I remember a couple of years ago, a young man burnt down a church meeting house. The church did not press for damages of the young person involved and paid for the new building in cash. Maybe your tithe helped that to happen.
Re: Tithing never felt charitable to me
Posted: Thu Jun 09, 2011 3:59 am
by _zeezrom
1 Iron wrote:DID you learn to give more? Or are you performing a duty to another god that has taken Heavenly Father's place?
I pay my respects to Athena. You might think I'm joking but she really is my God.

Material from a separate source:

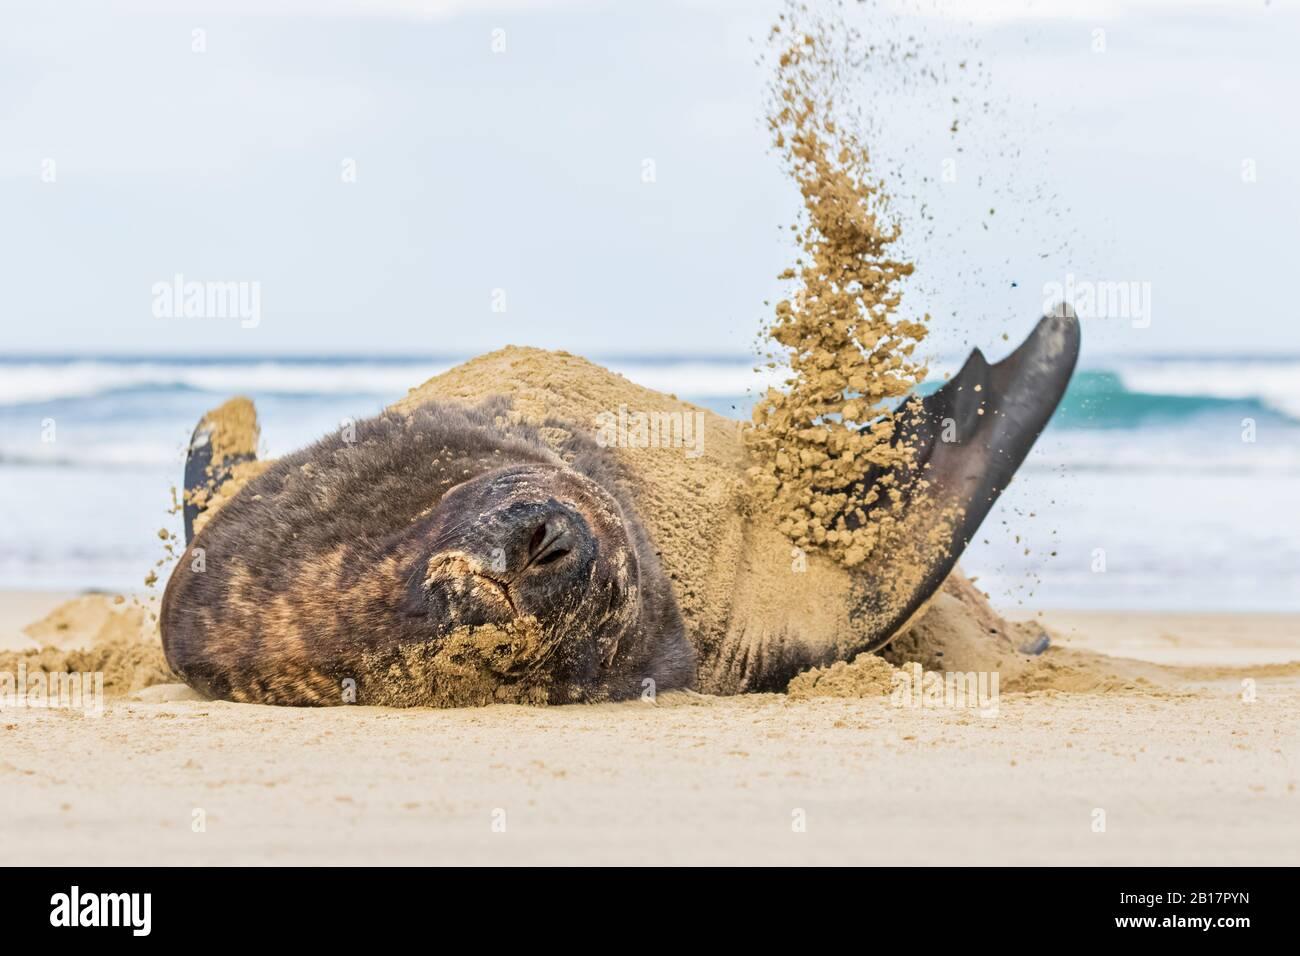 New Zealand, Oceania, South Island, Otago, Southeast, Catlins Coast, New Zealand Sea Lion (Phocarctos hookeri) tossing sand in Purakaunui Bay Stock Photo

Re: Tithing never felt charitable to me
Posted: Thu Jun 09, 2011 4:03 am
by _Bond James Bond
zeezrom wrote:I got another shot of validation every March when I filed my taxes and documented my relatively enormous charitable contribution.
Question (not aimed specifically at you Z, but to the board in general since you made this point):
If it's true charity, then shouldn't it be about truly giving of yourself, weakening thyself (monetarily or whatever) as a sacrifice to help others? If you write the "gift" off on your taxes and expect it back as a tax rebate or to help offset other income taxes then aren't you (or anyone) simply channeling other people's money to the charity by governmental proxy?
Re: Tithing never felt charitable to me
Posted: Thu Jun 09, 2011 4:10 am
by _zeezrom
1 Iron wrote:DID you learn to give more? Or are you performing a duty to another god that has taken Heavenly Father's place?
Oh, I need to tell you one more thing. I hope you're listening!
I learned how to be closed minded and hearted in some ways as a believing Mormon. Paying tithing made me jaded a little, I'm afraid. I didn't ever recognize it until now. I admit it. I was so busy making the magical man with a beard in the sky happy that I totally forgot about the people around me sometimes. Now, I realize I'm exaggerating somewhat here, but the point remains. I was taught for 20 years how to give through my tithing funds. I was taught there is ONE WAY to do it, under a single institution. Are you listening to me 1 iron?
Do you think it is easy to overcome the ill effects of Mormon charitable giving after 20 years of it? I have hope that my heart can be softened and I can open my mind more and more as the years away from the church pass by me. Let the healing begin!